The Washington Times reports:
A military investigation of interrogations at U.S. Naval Base Guantanamo Bay, Cuba, found no torture occurred, but one high-value al Qaeda operative was subjected to "abusive and degrading treatment" when he was forced to wear a brassiere, do dog tricks and stay awake for 20 hours a day.

"We looked at this very, very carefully -- no torture occurred," Air Force Lt. Gen. Randall M. Schmidt testified yesterday before the Senate Armed Services Committee. "Detention and interrogation operations across the board ... looking through all the evidence that we could, were safe, secure and humane."
It is worth noting that this in an internal investigation -- the military investigating itself -- not an independent report. However, coupled with the testimony of two Democratic senators that I noted two weeks ago, this pretty much destroys the credibility of those accusing the Bush administration of authorizing torture.

Note also the statistics:
Gen. Schmidt said the e-mails, and surveys of all 493 FBI agents who worked at the camp, boiled down to nine purported cases of abuse out of 24,000 interrogations. Two were unsubstantiated; five were substantiated, but authorized by the Army Field Manual or by Defense Secretary Donald H. Rumsfeld; and two were substantiated as unauthorized tactics that resulted in abuse.

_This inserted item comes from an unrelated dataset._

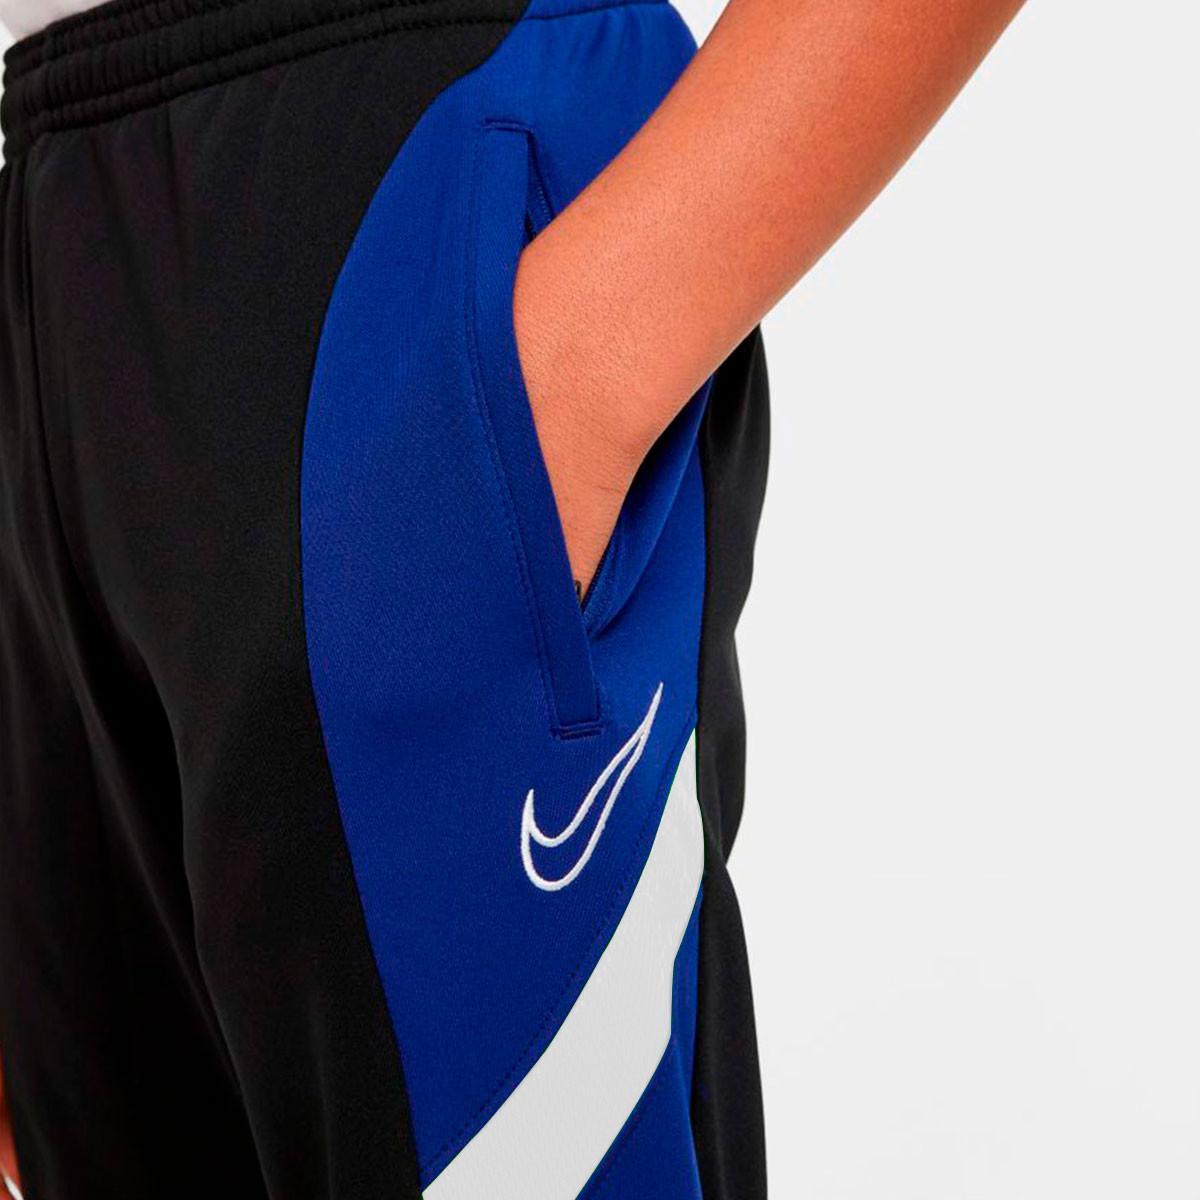 semestre Universal Robusto  Long pants Nike Dri-Fit Academy Track FP MX Niño Black-Deep royal  blue-White-White - Football store Fútbol Emotion

Mr. Rumsfeld later rescinded his authorization for stress-inducing tactics after Pentagon lawyers objected.

Of those two substantiated incidents, in one case, a detainee was chained to the floor briefly for the protection of guards; in the other, an interrogator placed duct tape on the mouth of an inmate who refused to stop chanting.
So, of twenty-four thousand interrogations, seven were substantiated as abusive. That is less than 0.03% of the cases.

Note also that the authorization was rescinded after people voiced objections. This is how democracy works. Even when bad things happen, (and this doesn't seem very bad in comparison to the tactics our enemies use -- and that we are preventing them from using by the intelligence gained by our tactics), people have the power to stop it by voicing their opinion.

Scroll down to read about the interrogation of Kahtani, the wannabe 20th hijacker on 9/11:
The authorized tactics included forcing him to wear women's clothes, calling him a homosexual, insulting his mother and sister as "whores," interrogating him for 20 hours a day, and having women touch him suggestively. No other prisoner was treated this way, the witnesses said.

[...]

In the end, Gen. Craddock said, Kahtani started talking and the military reaped "solid intelligence gains." The military learned how al Qaeda, led by Osama bin Laden, planned the September 11 attacks, recruited terrorists, financed operations and entered the United States, he said.
I have three points to make about this:

1. The goal of Kahtani and his comrades was to cause thousands of people to be burned alive or to jump to their deaths. In return, he is being kept up late. It is doubtful that his conscience would have caused him to lose much sleep.

2. The Taliban regime that sponsored him was famous for having women beaten in the street for taking off their head coverings during the heat of summer. In exchange he is being forced to wear women's clothing.

3. His compatriots in the 9/11 attack were motivated by the promise of 72 virgins each. I hope they are being touched as "suggestively" by the devils they actually got in whatever hell they wound up in.